That was the second time she’d mentioned the price and I was about to say something cutting but I bit my tongue.
‘Thanks’, I squeezed out weakly.
‘The chick who wrote it topped herself – cut her throat apparently.’
My facial expression must have evolved from indifference to mild interest.
‘I knew that’d get your motor running.’
When I got home, I immediately b-lined for the balcony and lit the cigarette I’d neglected to have at the café. It was cold outside and my buttocks shivered but I stuck it out as I hate the smell of stale cigarette smoke inside the apartment; it makes everything smell like old people. I looked back into the lounge through the glass balcony doors and my eyes dropped to the box sitting on the coffee table. I suddenly hated the look of that box – I didn’t know why. What’s the most exciting thing the document could be: a diary? What do I care about some broad from eighteen hundred and whatever who stuck a blade in her throat? The very notion was clichéd. How many antiques came with neat little stories about suicides attached – it was a wonder that the whole human race didn’t die out before the year two thousand.
I threw my cigarette-butt into a half-dead pot plant and dove into the warmth of my lounge room, slamming the glass door behind me. I decided to get pissed.
Several glasses of red later, I opened the box and plucked the pages out with all the grace of a chimpanzee. Martha would have been horrified, but very nearly all of my recent behaviour had pushed her patience up against the wall and smacked it around. She was still my best friend for reasons that eluded me.
I read the words written in the flowing, feminine style that just looked like too much hard work to me. It started simply, in the fashion of a memoire:
‘this is my life and here’s what hardships I’ve suffered’ and all that sort of crap. It was probably written by a cross-dressing hermit named James (or should that be Jaymes?). Jayne it seemed was something of a tart with a penchant for men of the cloth. Naturally she was ostracised by polite society and she cancelled her own ticket with a letter opener to the neck – fascinating. I didn’t even read to the end – probably because I fell asleep on the couch - waking in the wee hours of the morning to have a spew.
The next day I felt tender: physically and emotionally. I walked around the apartment like a lost dog for about half an hour and I did what I always did when I felt raw: I leafed through my old photo albums and cried over pictures of Samuel. I cried because I had nothing left of him but glossy, rectangular icons. They looked like him but they were cold and lifeless; there was nothing of him in any of them – the realisation hit me like a slap in the face with a cold, dead hand.
I soon found myself reading the flowing, curling words of the memoire once again. This time, however, I read them as a woman, as someone’s lover and friend and partner. It’s funny how something perceived once through the cloudy scope of cynicism can seem so transformed when viewed with even a hint of tenderness. Jayne’s prose seemed far less trite on this second visitation. It was as though her words – responding to my initial criticism – had sprung to life and altered themselves to suit my sensibilities, desperate to please me. I imagined the beautifully scribed handwriting unfurling and slithering to and fro across each page - like the tendrils of a growing vine - to produce newer, more compatible formations while I slept.
I followed Jayne’s journey with growing fervour this time, as the daughter of parents who weren’t poor in the Dickensian sense but nor were they Jane Austen’s high society. She worked hard and liked to write “fantastical stories”, though I failed to internally celebrate our common ground in that regard – the very notion made me feel all cheesy inside. She would write to escape the drudgery of her life: waking early to feed the pigs in the cold, walking for hours to get to the market, struggling wildly when her father’s hand found its way up her skirts.
It seemed her writing was met with some disapproval by those who she revealed it to. It was not the done thing for a girl of eighteen to write about other-worldly creatures and pagan rites. Jayne was meant to be preening herself for marriage but she managed to fall into the arms of a Deakin named Will. Young Will had some doubts about the church it seemed and the two soon became an item behind closed doors.

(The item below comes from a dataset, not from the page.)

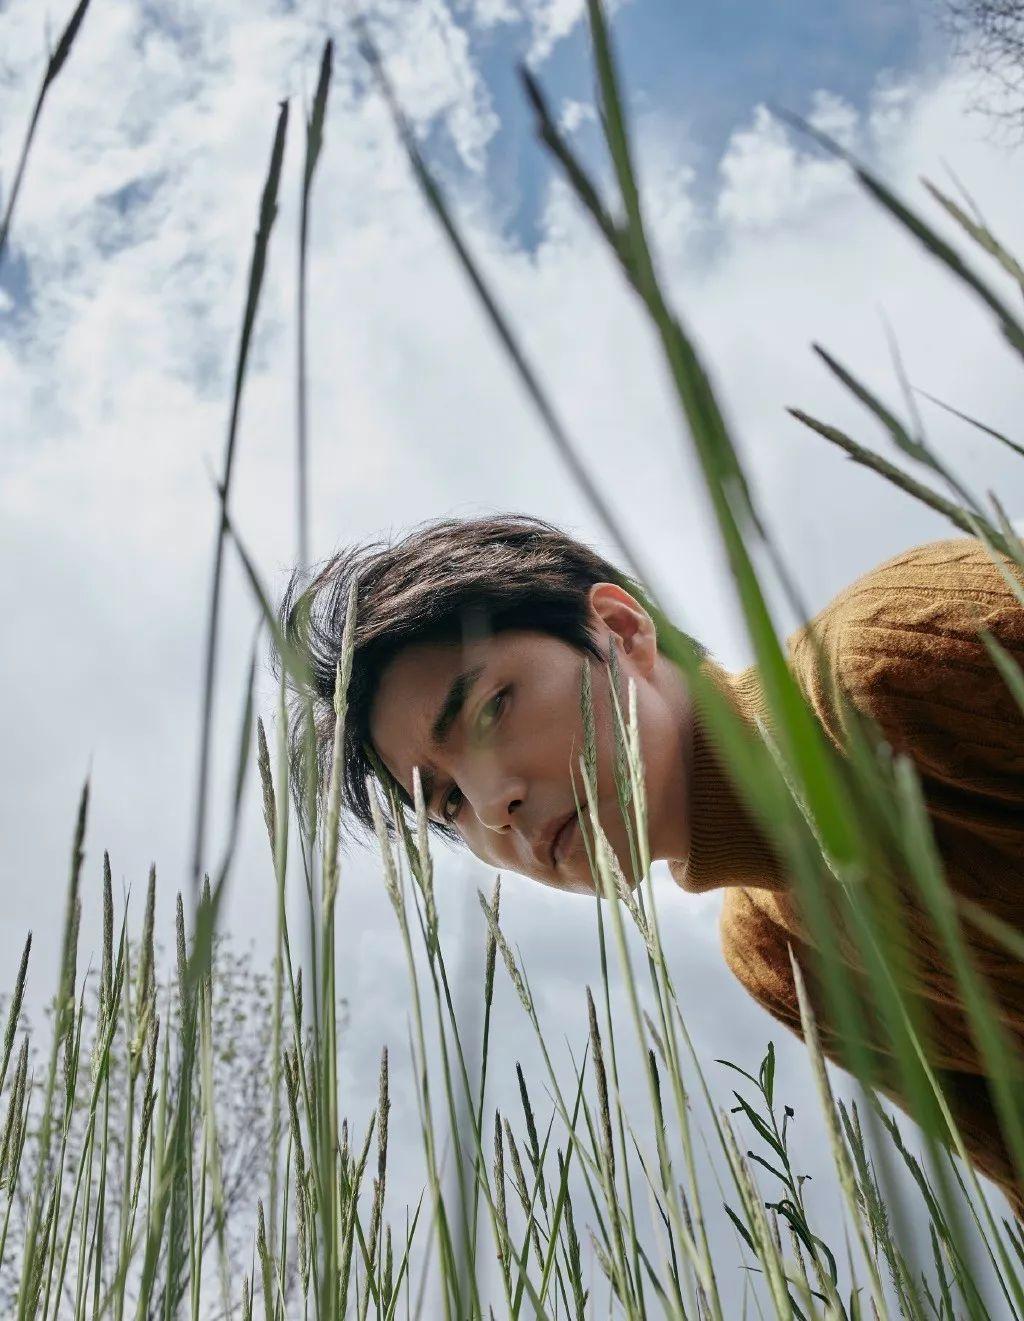 关于毒贩的韩国电影,韩国那些性教育电影有哪些,韩国电影奇怪的美发沙龙中文字幕下载

Will vowed that he’d leave the church if Jayne would promise to marry him and she was over the moon; until her parents – infuriated by her news and the very public scorn it would undoubtedly bring - threw her out onto the streets where she contracted small pox. It was her death sentence. Will continued serving the community and disavowed all knowledge of Jayne’s existence.
He paid her hospital bills in secret but when Jayne begged him to pray over her on one occasion, Will refused; at once fearful of contracting the illness and disgusted by its disfiguring effect.
Jayne fell into a deep, black place and she wrote what would be her last story: that of her life. She had ignored the advice of physicians; staying awake well into the night and refusing meals until it was done. It was agony but she finished it after days and days and all the while maintaining the flowing, beautiful style of the handwriting as though it were a reflection of her character. She did indeed pour everything she had into her memoire; she imbued it with her passion and her bitterness. She – like every writer I have ever admired – put herself into her writing.
Then – according to the accompanying certificate - when she was on death’s door, Jayne slit her own throat. It was the defiance of it that made me fall in love with her. She wasn’t about to become a victim, she wasn’t going to allow herself to fall prey to the tragedy of her own circumstances. The eerie thing was that the very last page was stained a muddy brown. Was it Jayne’s decayed blood? What a thought; the very idea transcended the tired analogies about imbuing one’s life-work with one’s own blood.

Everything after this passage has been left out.